- Other names: Pégot-Cruveilhier–Baumgarten disease
- Specialty: Hepatology
- Named after: Jean Cruveilhier; Paul Clemens von Baumgarten;

= Cruveilhier–Baumgarten disease =

Cruveilhier–Baumgarten disease or Pégot-Cruveilhier–Baumgarten disease is a rare medical condition in which the umbilical or paraumbilical veins are distended, with an abdominal wall bruit (the Cruveilhier-Baumgarten bruit) and palpable thrill, portal hypertension with splenomegaly, hypersplenism and oesophageal varices, with a normal or small liver.
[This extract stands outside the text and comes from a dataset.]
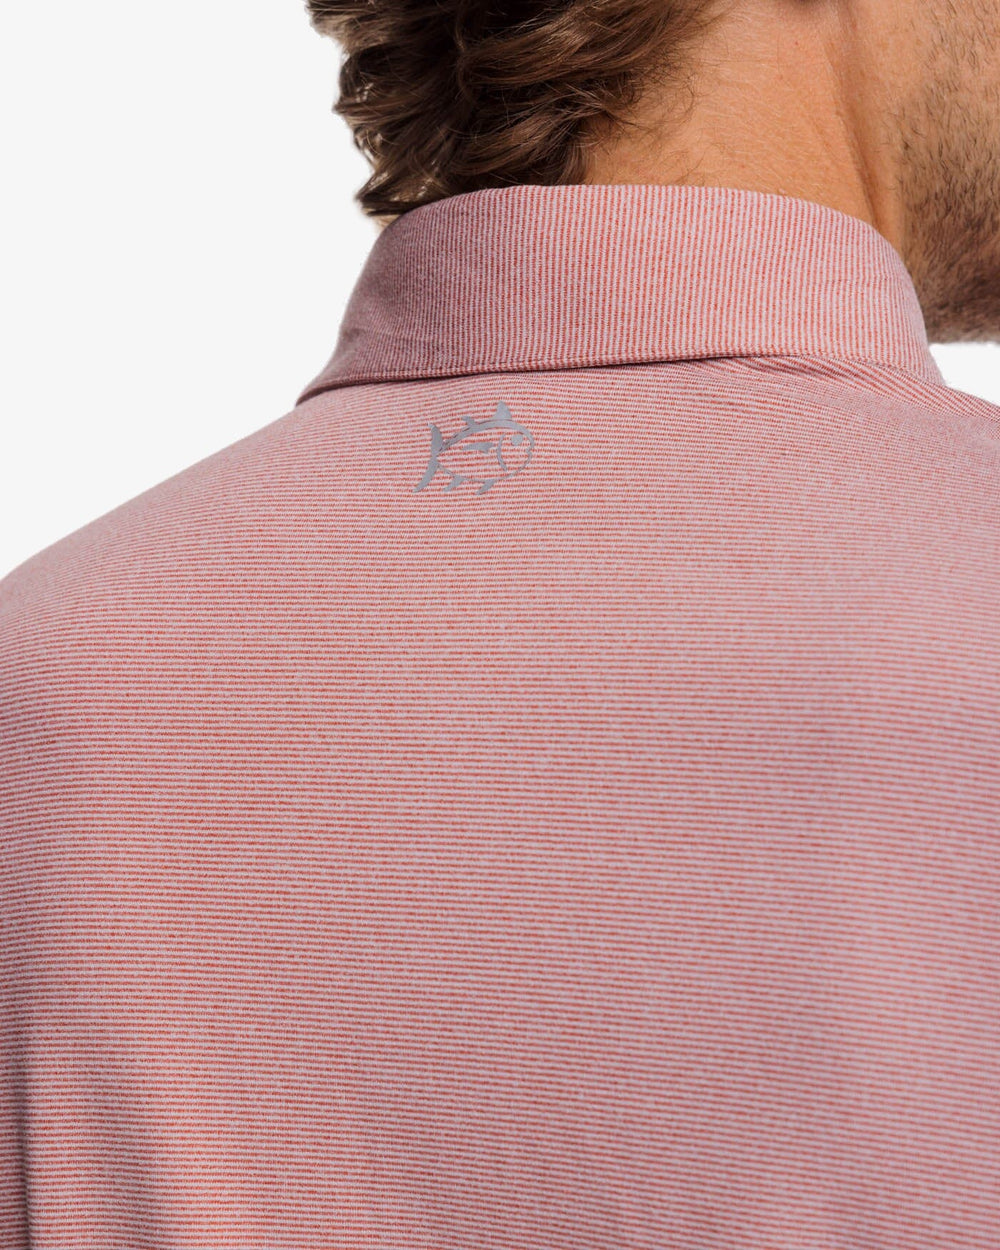 The yoke view of the Southern Tide Ryder Heather Ridgeway Stripe Long Sleeve Performance Polo by Southern Tide - Heather Dusty Coral

The presence of the Cruveilhier-Baumgarten venous hum is highly suggestive of portal hypertension, and is never a normal physical examination finding.

It was first described by Pégot in 1833, and then by Jean Cruveilhier (1835) and Paul Clemens von Baumgarten (1907).

Armstrong et al. (1942) and Steinburg and Galambos (1967) described two different types of the condition:

- Cruveilhier–Baumgarten syndrome: liver cirrhosis or portal hypertension is the cause of the distension of the paraumbilical veins (i.e. an acquired condition in which the veins reopen due to high portal pressure).

- Cruveilhier–Baumgarten disease: the distension of the paraumbilical veins is due to failure of umbilical vein closure, with little or no evidence of liver disease found on liver biopsy (i.e. a congenital patency of the umbilical vein leading to portal hypertension).

==Signs and symptoms==
Symptoms of Cruveilhier–Baumgarten disease include the manifestation of a venous hum at the para-umbilical circulation site, often accompanied by a thrill, splenomegaly, atrophy of the liver, portal hypertension, and prominent para-umbilical veins.